Ghost on the Case (Bailey Ruth #8)(62)
I pushed to my feet, began to pace. Gone was my exuberance when I first walked into Will’s Room. The silence of Rose Bower was crushing, not soothing. I glanced at the wall clock framed in a wagon wheel. Eleven o’clock and all was not well. It was the time of night for reflection, perhaps a summing up of the day’s successes, a preview of tomorrow’s challenges. My gaze scanned the framed quotes in needlepoint, stopped: Chaotic action is preferable to orderly inaction.
? ? ?
I looked for Ben Fitch in his bedroom, went downstairs through the stately rooms and the dim family rooms. In the study, I noted for the first time a gun safe in one corner. That came as no surprise. I wondered if Ben knew how to open it. I wondered if there was one gun or two or perhaps a single gun and another that was missing. I was about to give up my search, thinking perhaps he might still be at the Gilbert house, when I saw light shining from an open door at the end of a back hallway. I found a stairway and smelled chlorine.

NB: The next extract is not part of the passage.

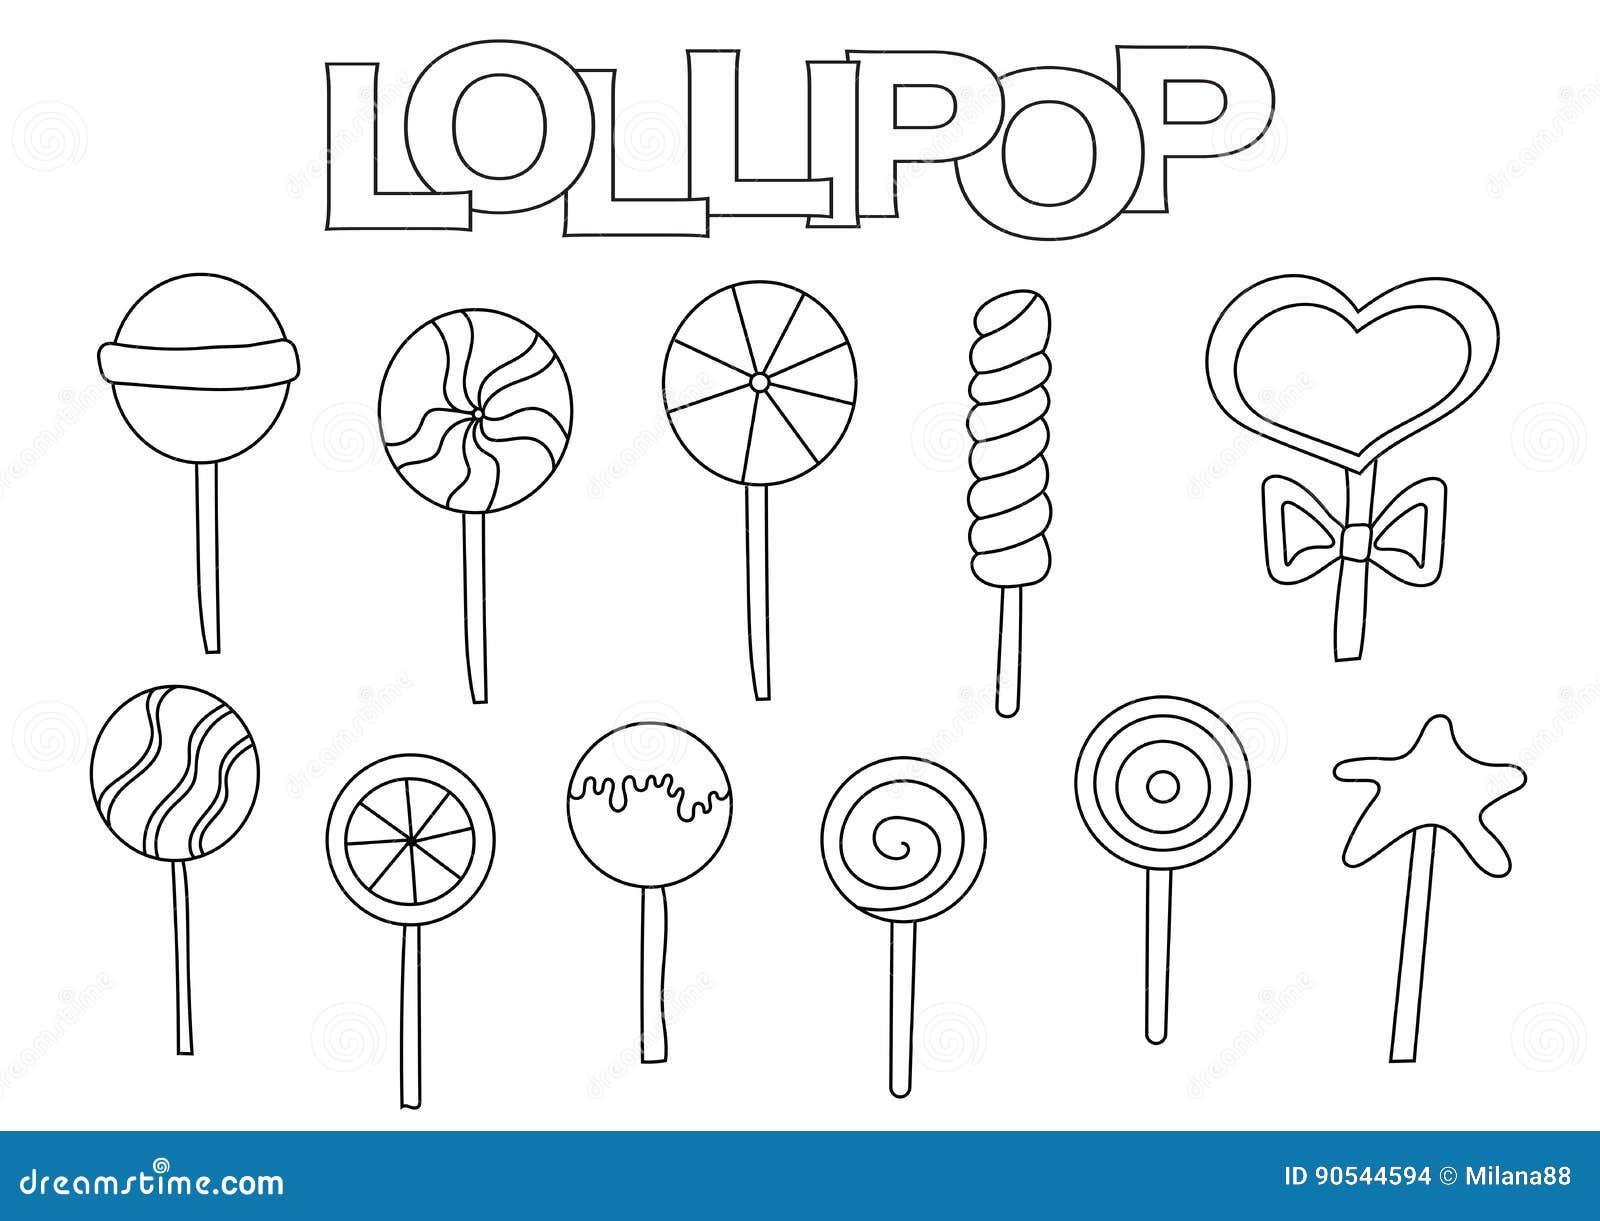 Lollipop Elements Hand Drawn Set. Coloring Book Template. Outline ...

Bright lights illuminated the basement swimming pool. Ben was midway down the center lane of the Olympic-sized pool. I admired his freestyle stroke. He reached the end, did a flip turn, started back this way.
Another lap and another and another.
I hovered near the end of the pool. His face as he turned for air was blank, unreadable, cheeks flushed with exertion. Perhaps he sought forgetfulness or perhaps he hoped to oust grief with sheer exhaustion.
The huge damp chlorine-scented basement seemed filled with loneliness and sadness.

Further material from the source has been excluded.